Somehow the question infuriated her. He still didn’t understand her feelings. But as usual, it was hard for her to express them, especially with his eyes fixed so lovingly on her face. “Peter, you... you buffleheaded fool,” she said, turning and addressing the newel post, “why won’t you
listen
to me? I’ve never loved anyone but you. Not anyone. Not Tris, not Ronny Kenting, not even the Honorable Horace Chalmondeley, who’s been importuning me by post to marry him ever since I danced with him at the Chalmondeley ball.”

Peter snorted. “Good God,
Chalmondeley?
I should hope not, indeed. The fellow’s a looby.”

She laughed and turned back to him. “The truth is, my lord,” she said shyly to the buttons of his coat, “that you took hold of my heart the night you sauntered into the assembly and I got my first glimpse of you. I’ve tried to tell you so many times in every way I could think of— except to say the words.”

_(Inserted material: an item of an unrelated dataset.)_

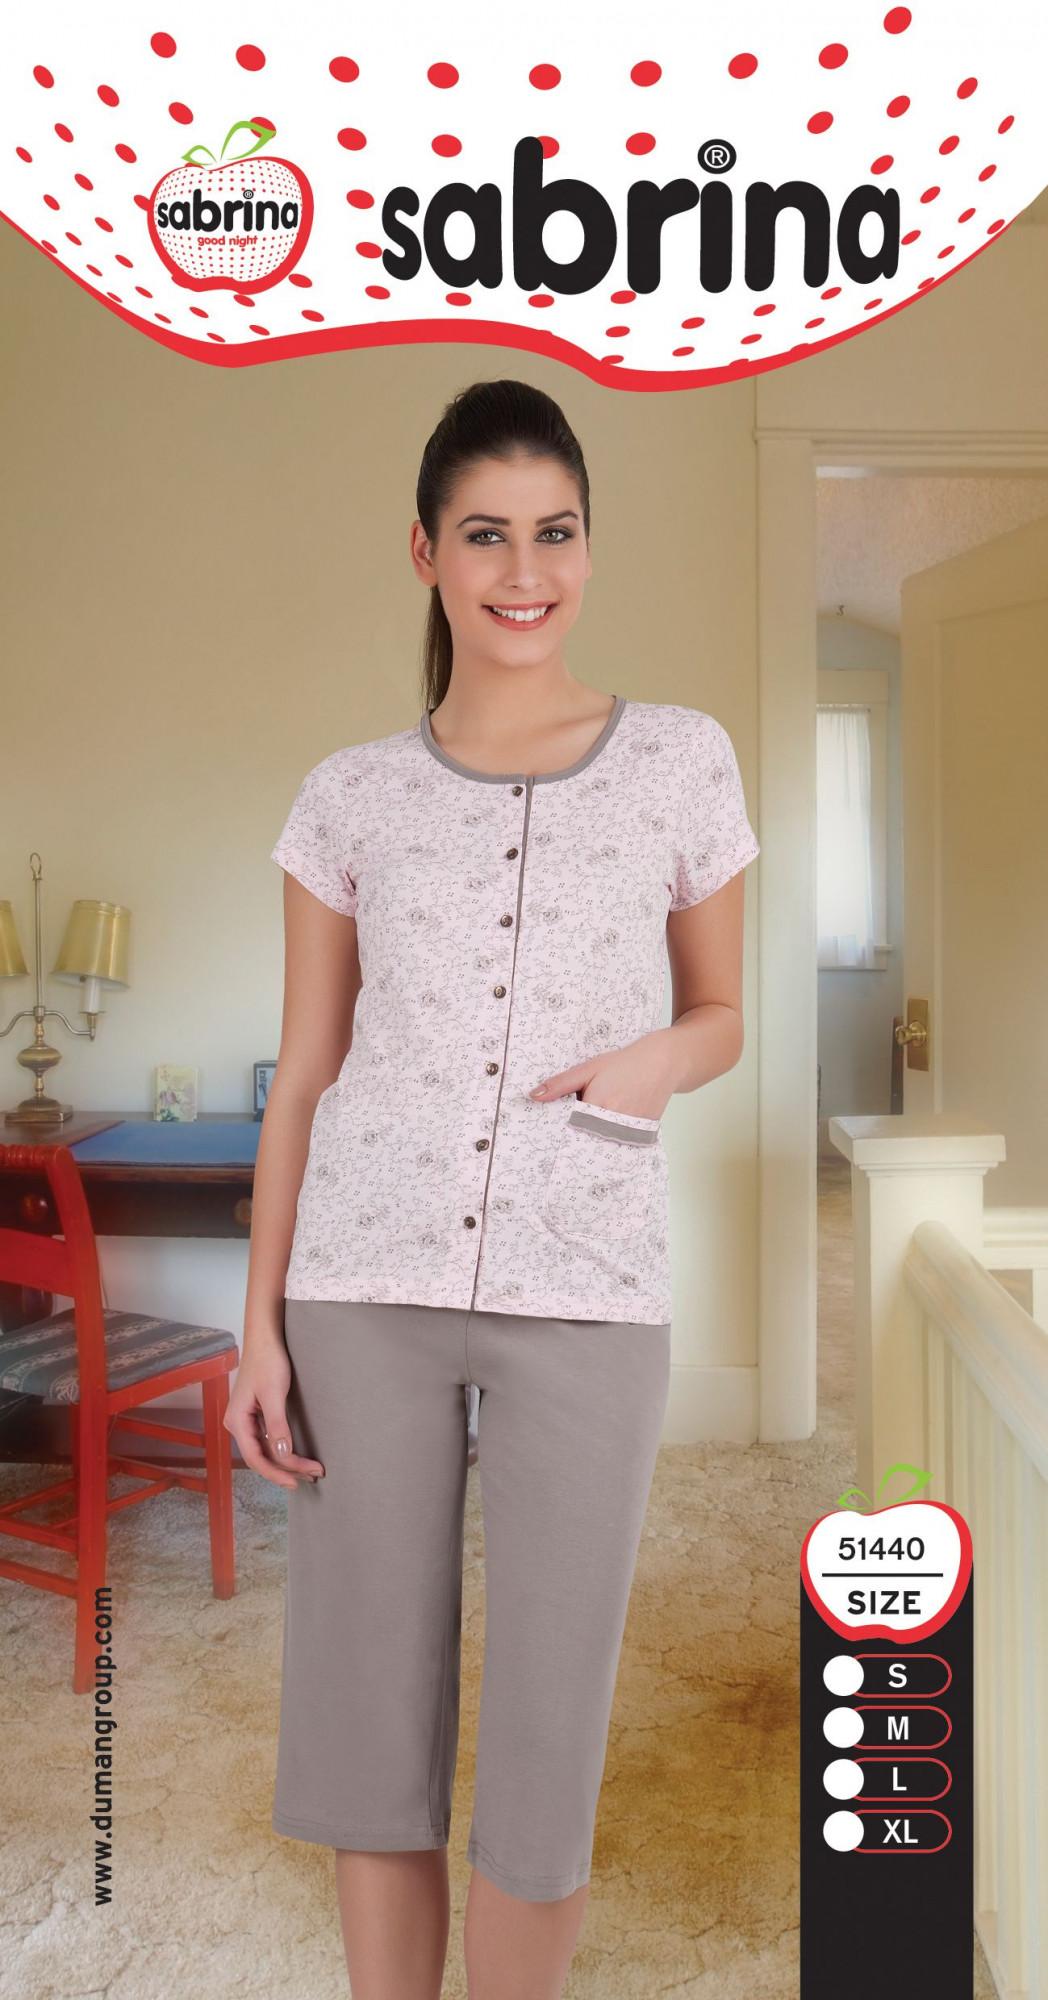 Dámské pyžamo 51440 Sabrina Barva: růžová - šedá, Velikost: S

He pulled her into his arms again and brushed back her wild strands of hair. “My sweet, beautiful Julie, you
should
have said them. A buffleheaded fool like me needs to have things said plainly, I’m afraid.”

“I was... shy.”

He lifted her chin and made her look up at him. “I hope, my girl, that you’ll never be shy with me again.”

“I think I’m much improved in that regard. In fact, I’m almost growing bold. Almost bold enough to ask... but perhaps I’d better not...”

“Go ahead, girl, be bold and ask it,” he insisted.